🤖 AI Summary
Existing allowlists overly rely on domain popularity, causing numerous low-frequency yet trustworthy long-tail domains to be overlooked—thereby compromising security coverage breadth and regional adaptability. To address this, we propose a bottom-up, hyperlink-structure-driven mining method that integrates seed-URL crawling, Transformer-based trust scoring, and graph-structural analysis to systematically identify and incorporate credible low-frequency domains ignored by mainstream approaches. Our framework is the first to support dual-granularity allowlist generation—both global and locale-specific. Experimental evaluation shows that our generated allowlists exhibit only 4% overlap with six major existing global allowlists and merely 0.1% overlap at the local level. Consequently, the risk of missing malicious domains is significantly reduced, particularly enhancing protection efficacy in non-English-speaking regions.
📝 Abstract
In cybersecurity, allow lists play a crucial role in distinguishing safe websites from potential threats. Conventional methods for compiling allow lists, focusing heavily on website popularity, often overlook infrequently visited legitimate domains. This paper introduces DomainHarvester, a system aimed at generating allow lists that include trustworthy yet infrequently visited domains. By adopting an innovative bottom-up methodology that leverages the web's hyperlink structure, DomainHarvester identifies legitimate yet underrepresented domains. The system uses seed URLs to gather domain names, employing machine learning with a Transformer-based approach to assess their trustworthiness. DomainHarvester has developed two distinct allow lists: one with a global focus and another emphasizing local relevance.
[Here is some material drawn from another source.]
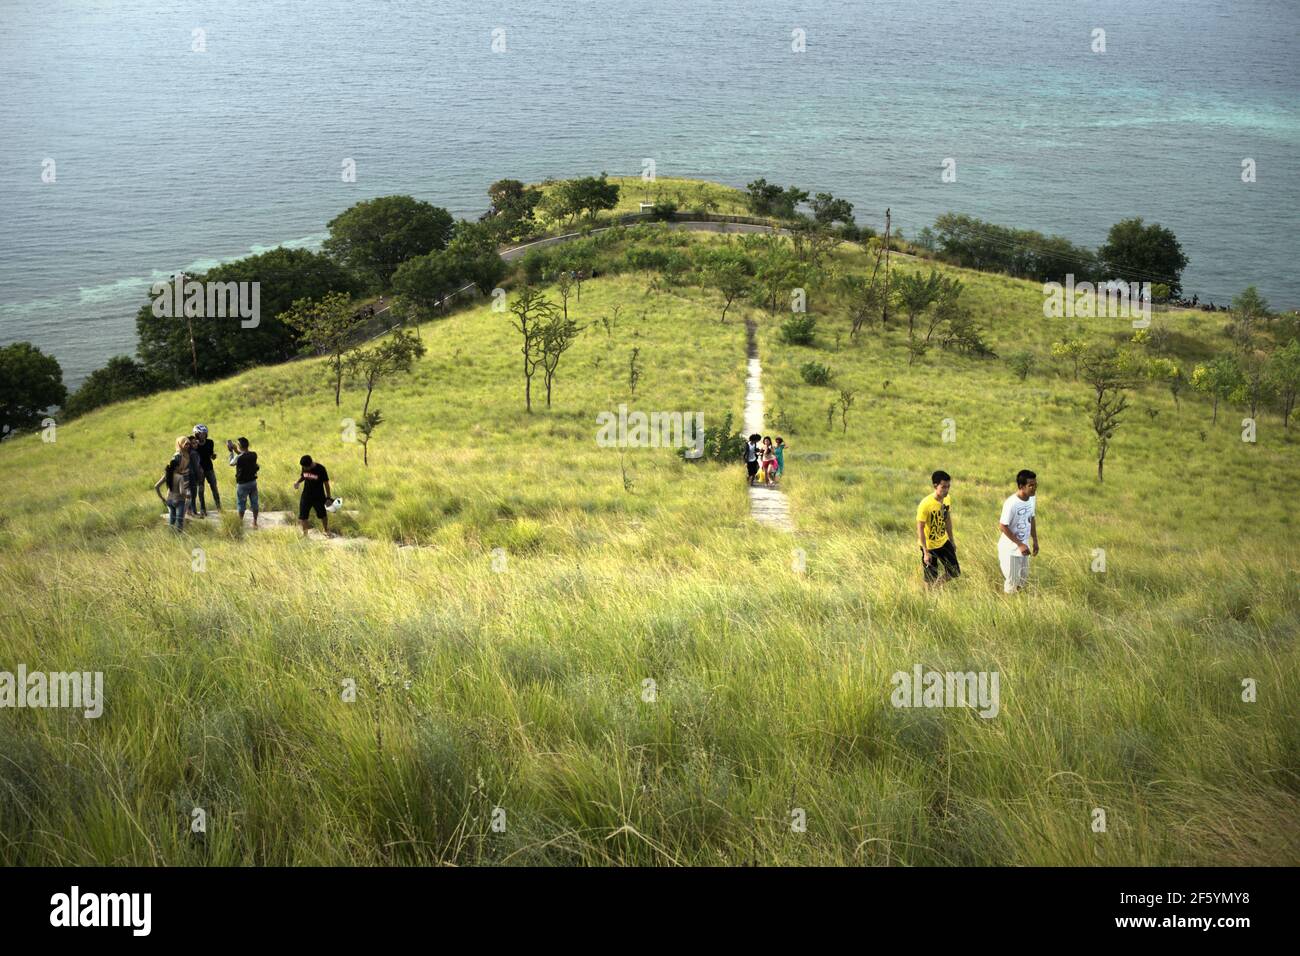 Les jeunes qui ont du temps de loisirs en marchant sur des marches lapidées à travers les prairies à Kajuwulu près de Maumere, île de Flores. Banque D'Images
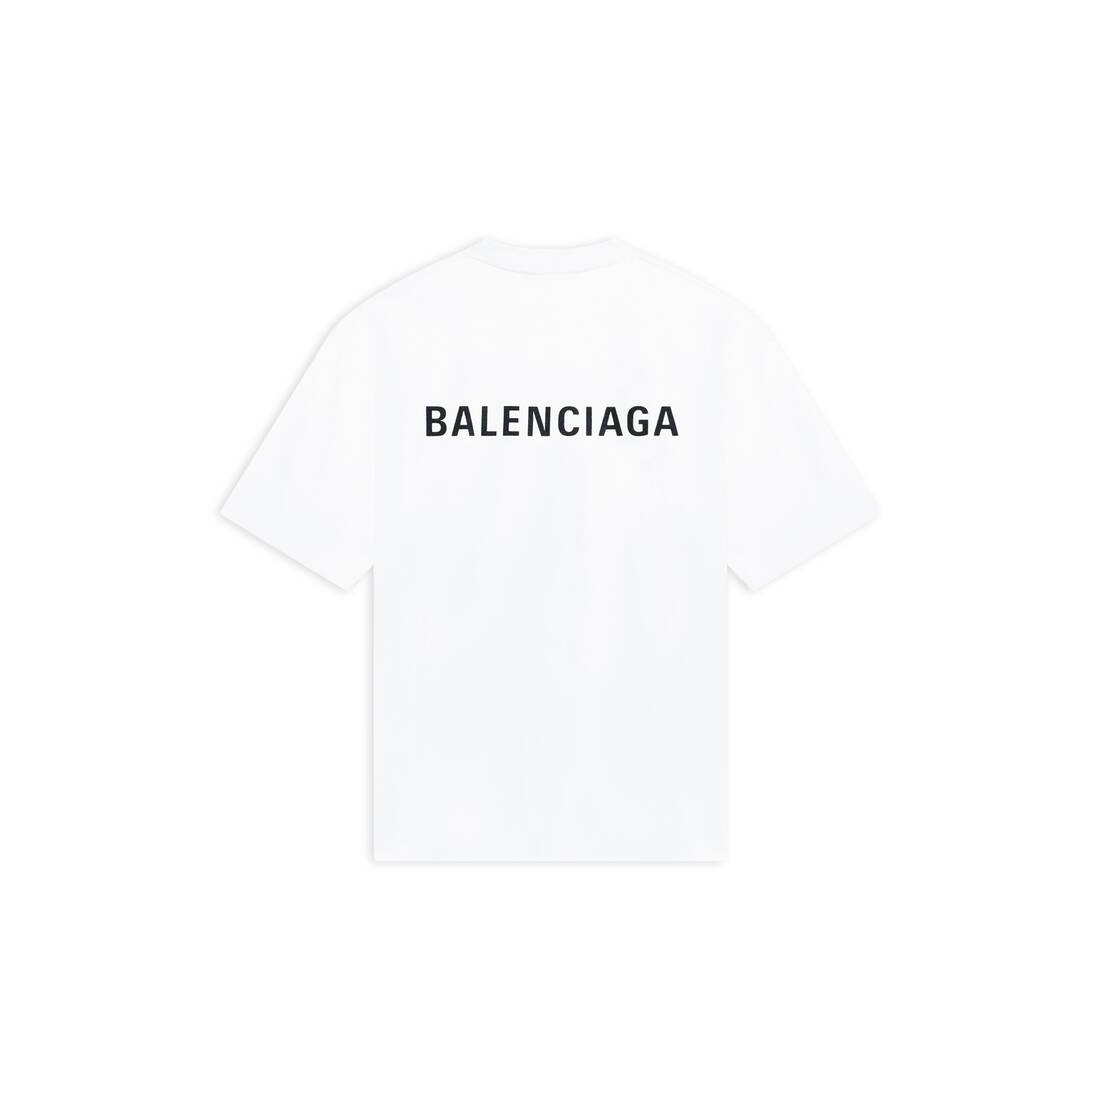 Balenciaga embroideredlogo Tshirt black  MODES

Compared to six existing top lists, DomainHarvester's allow lists show minimal overlaps, 4% globally and 0.1% locally, while significantly reducing the risk of including malicious domains, thereby enhancing security. The contributions of this research are substantial, illuminating the overlooked aspect of trustworthy yet underrepresented domains and introducing DomainHarvester, a system that goes beyond traditional popularity-based metrics. Our methodology enhances the inclusivity and precision of allow lists, offering significant advantages to users and businesses worldwide, especially in non-English speaking regions.